Given data:
* * * * * * * * *

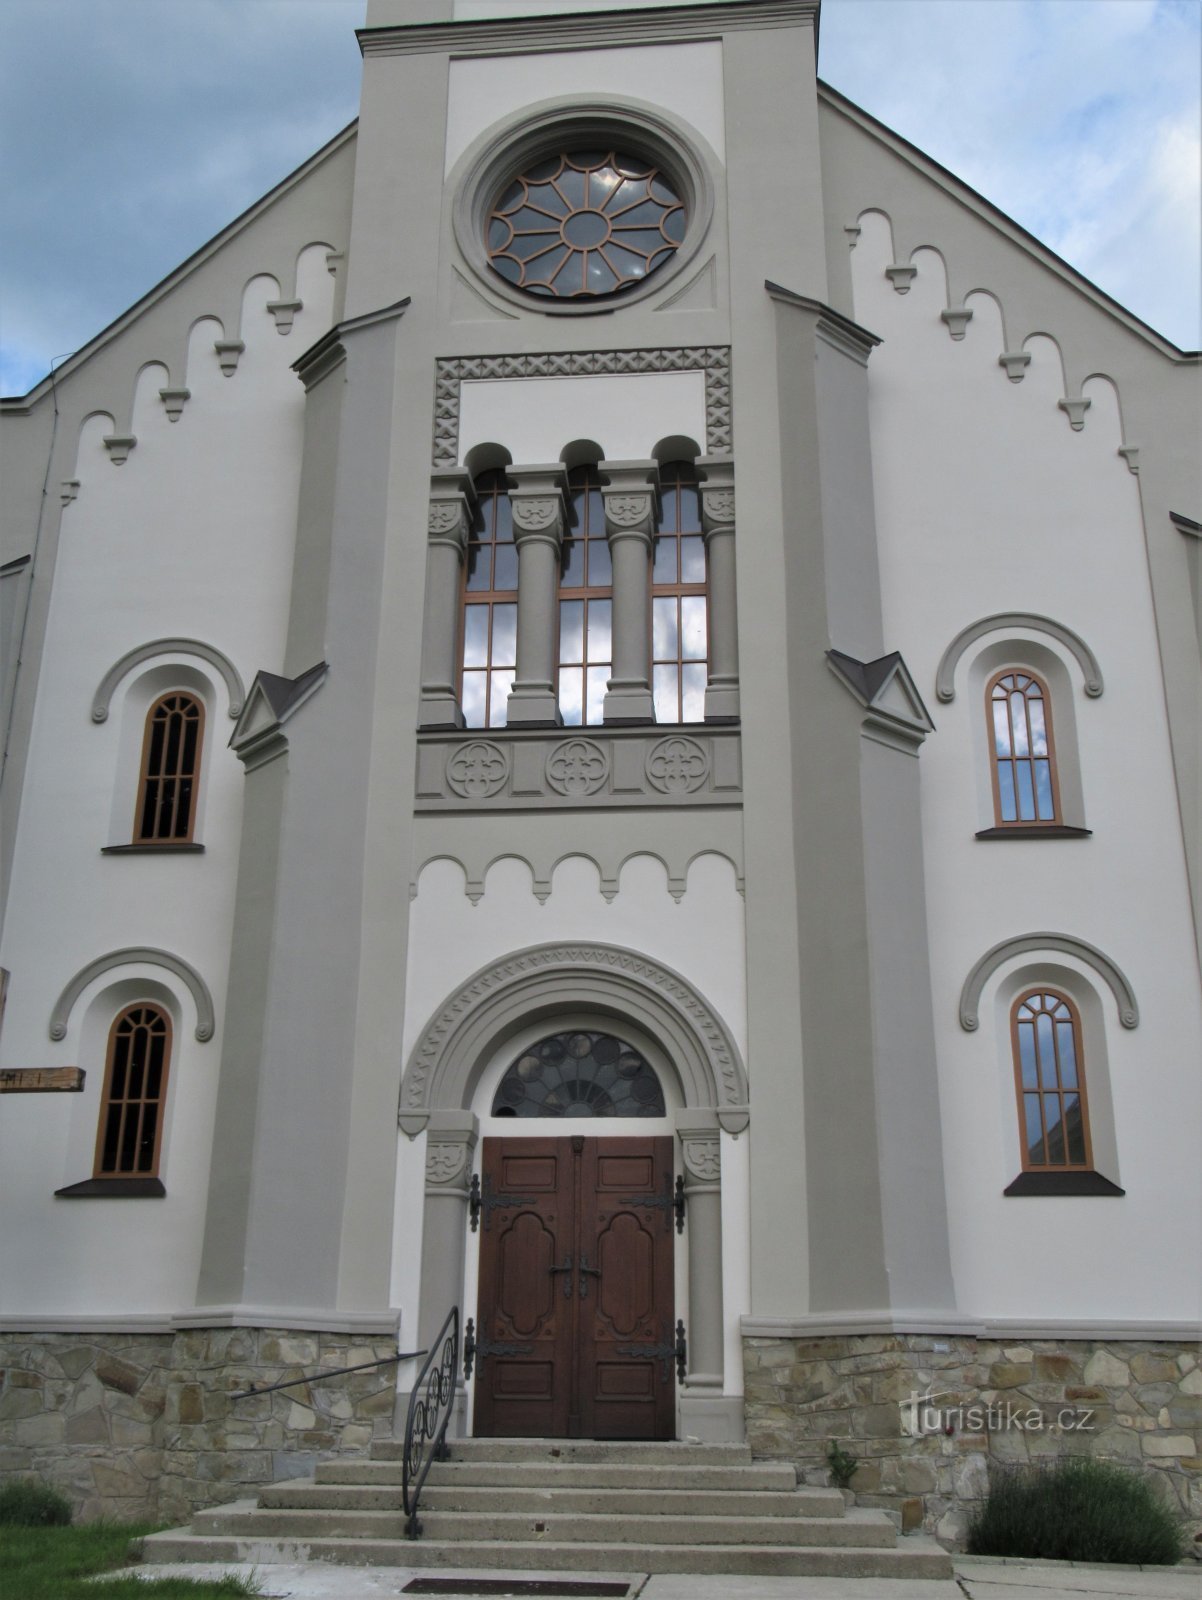 Radějov - Biserica Sf. Chiril și Metodiu
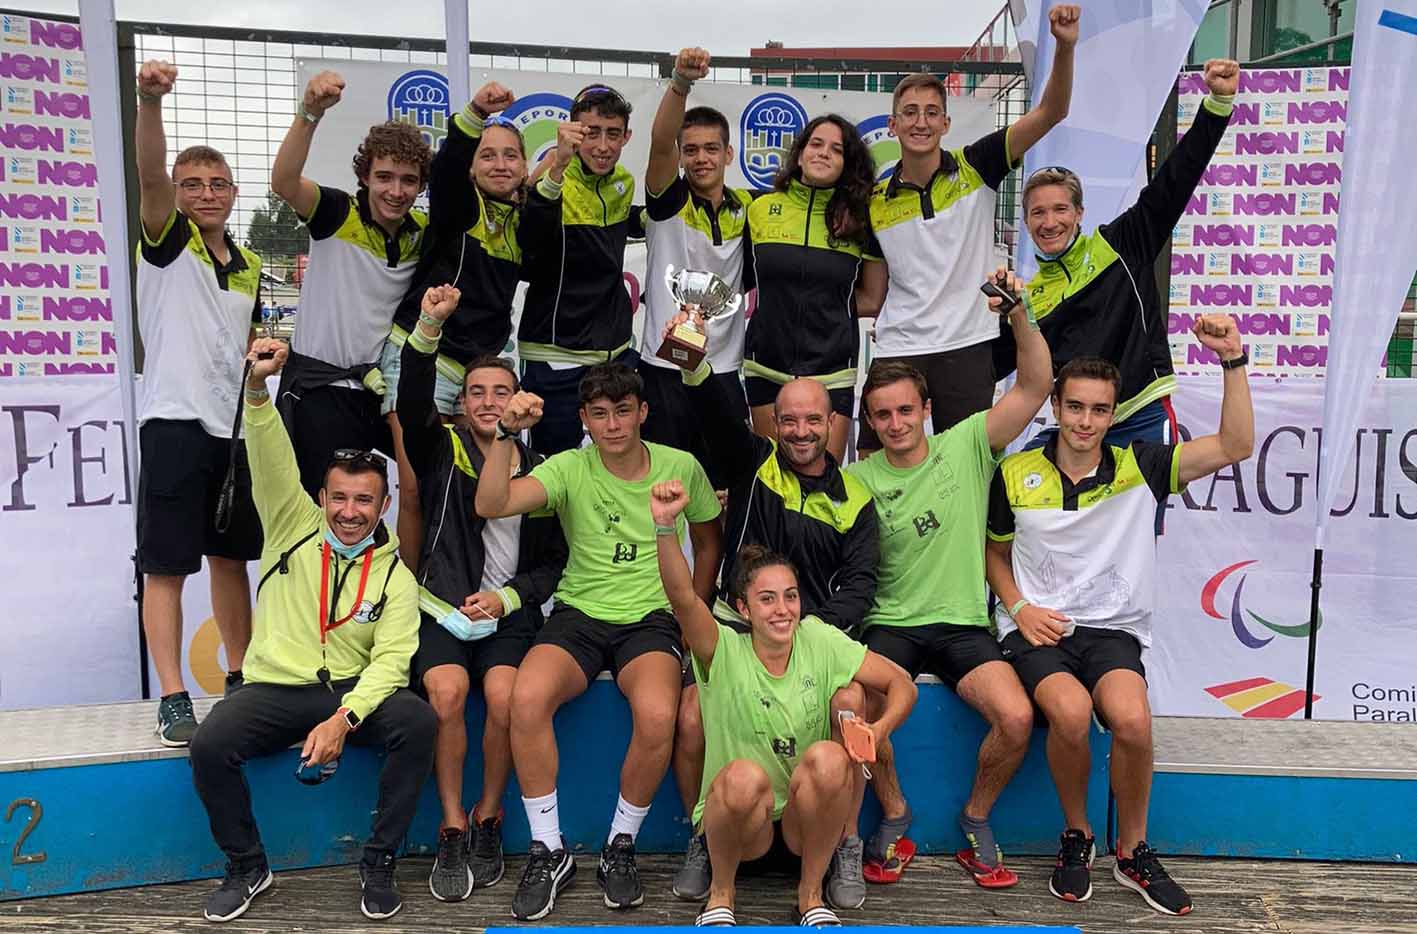 El Club Cuenca Con Carácter, subcampeón de España en "short race"
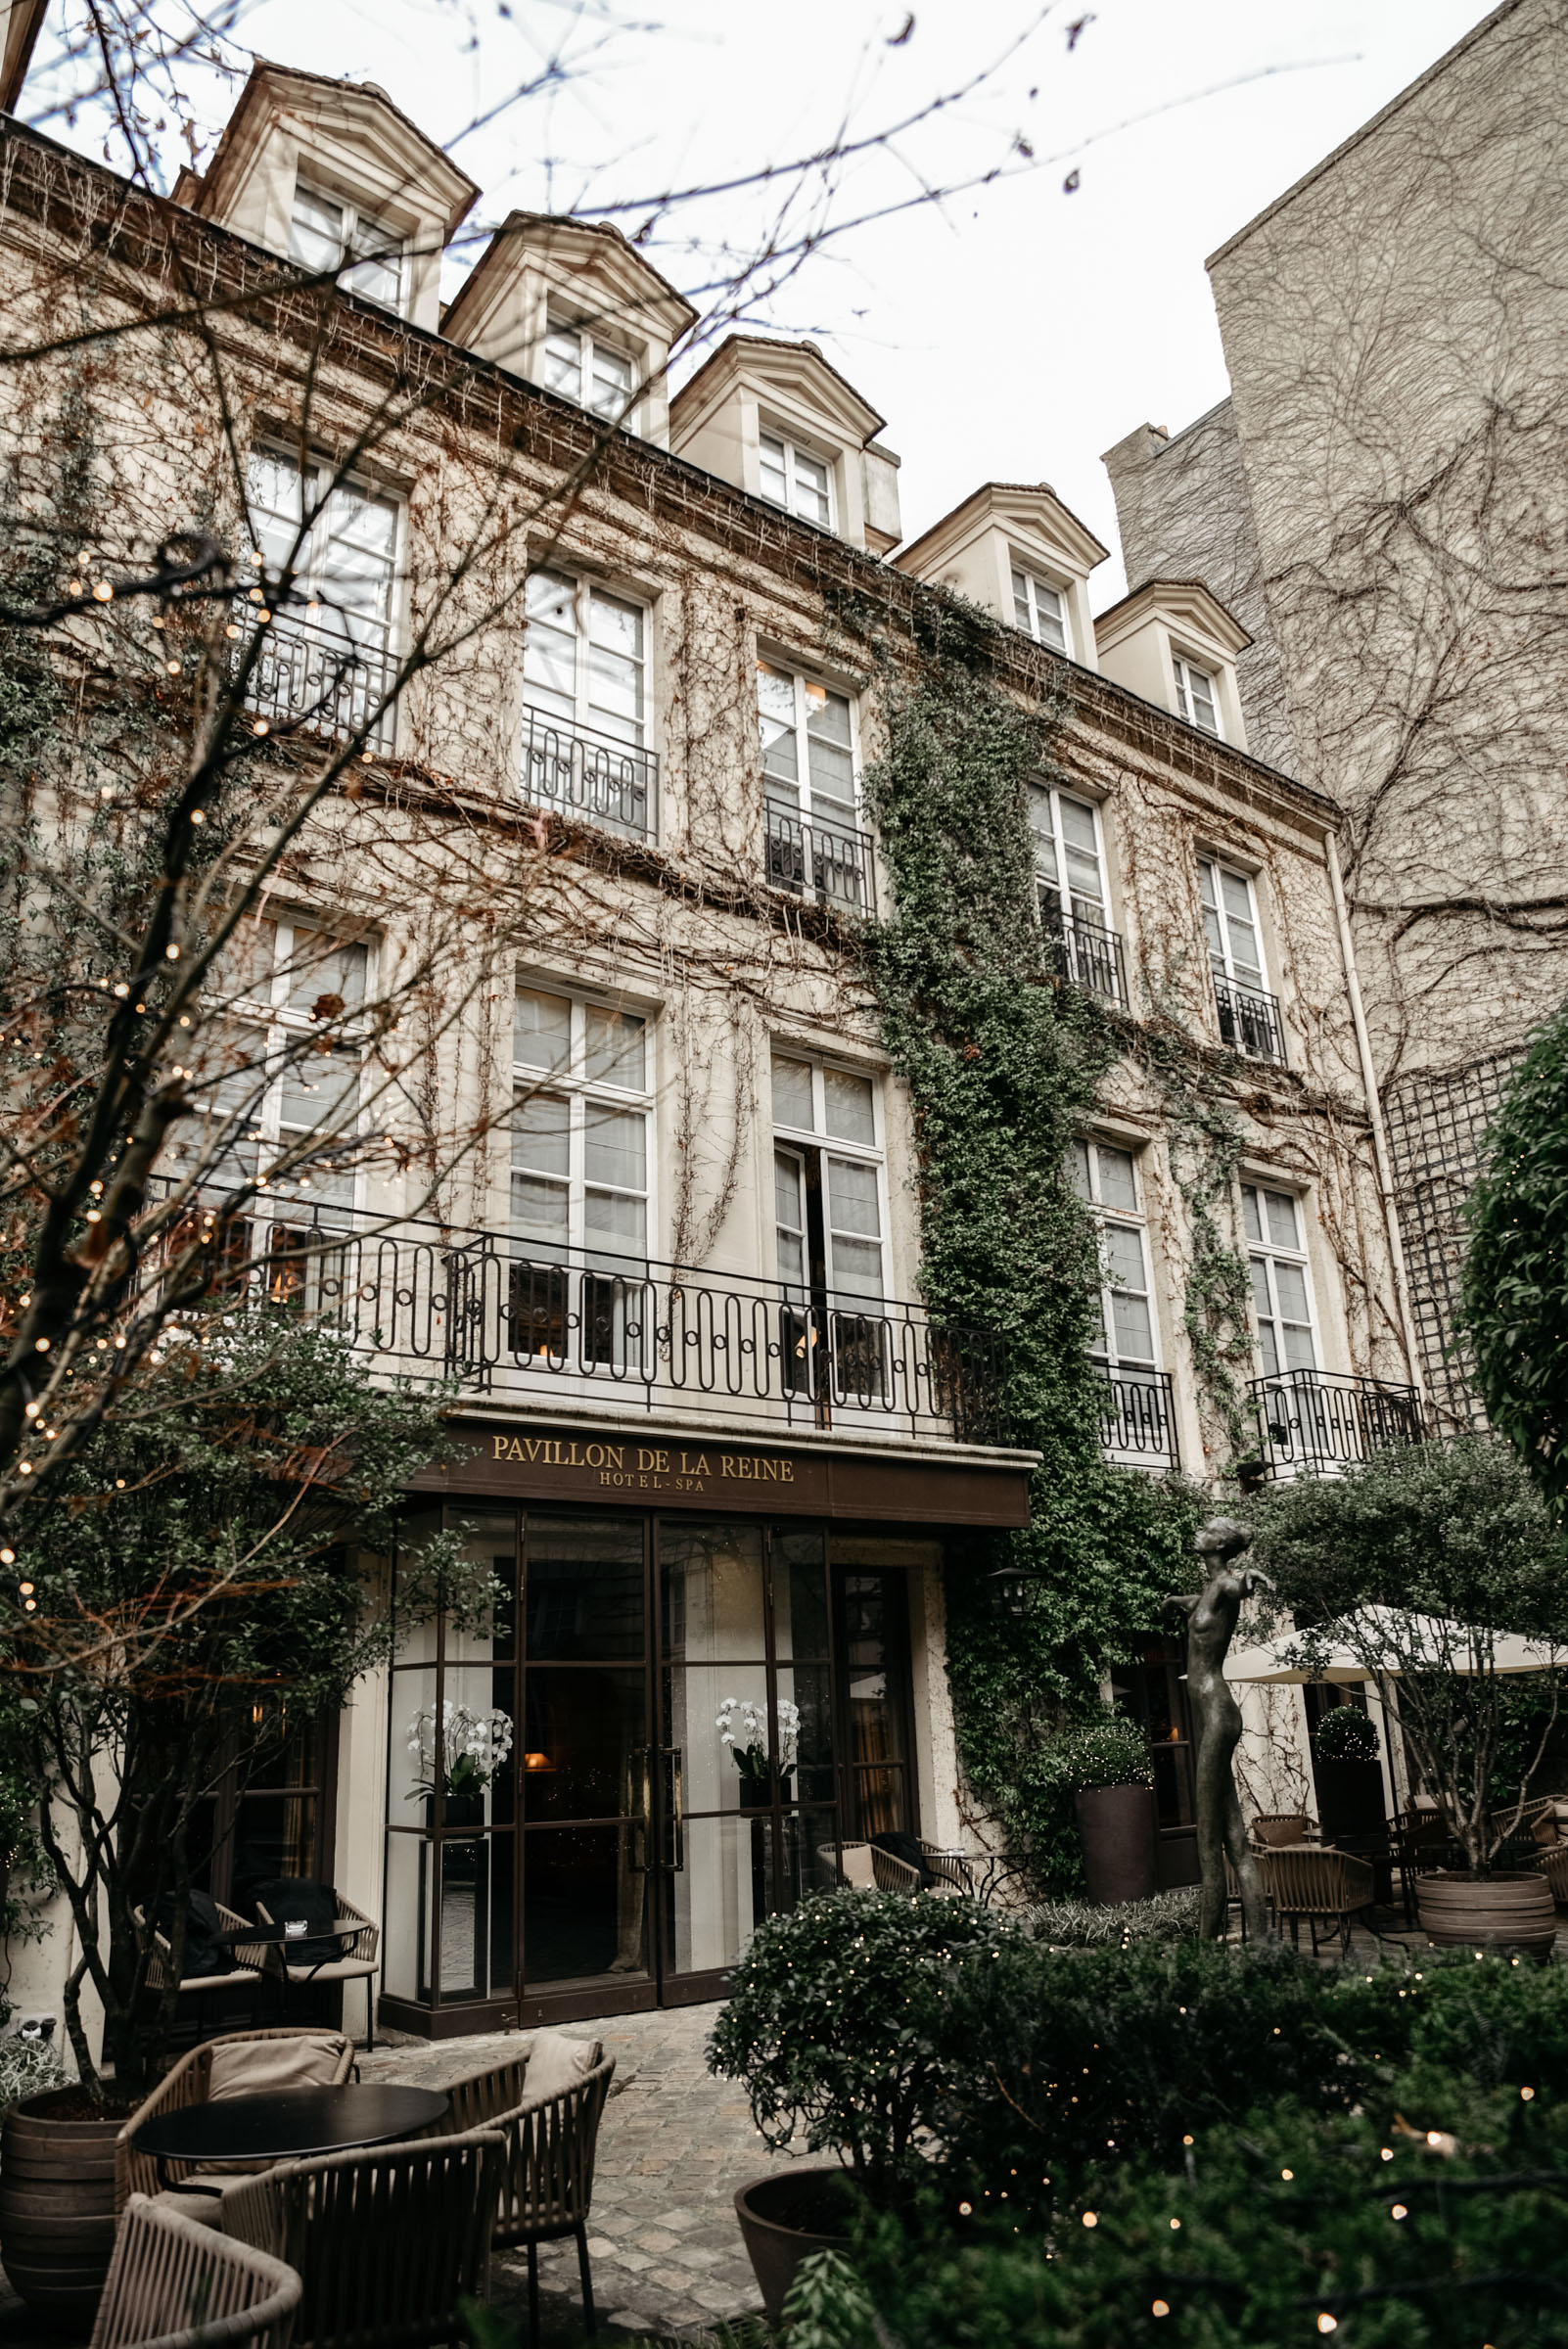 Tommeezjerry-Lifestyleblog-Fashionblog-Maennermodeblog-Maennerblog-Modeblog-Hotel-Review-Pavillon-De-La-Reine-Small-Luxury-Hotels-Travel-Paris-City-Architecture

* * * * * * * * *

What to do:
The answer must consist solely of the lines from the line containing "El Club Cuenca" to the end of the data, reproduced exactly, with every picture left out.

Response area:
 El Club Cuenca Con Carácter, subcampeón de España en "short race"
 Tommeezjerry-Lifestyleblog-Fashionblog-Maennermodeblog-Maennerblog-Modeblog-Hotel-Review-Pavillon-De-La-Reine-Small-Luxury-Hotels-Travel-Paris-City-Architecture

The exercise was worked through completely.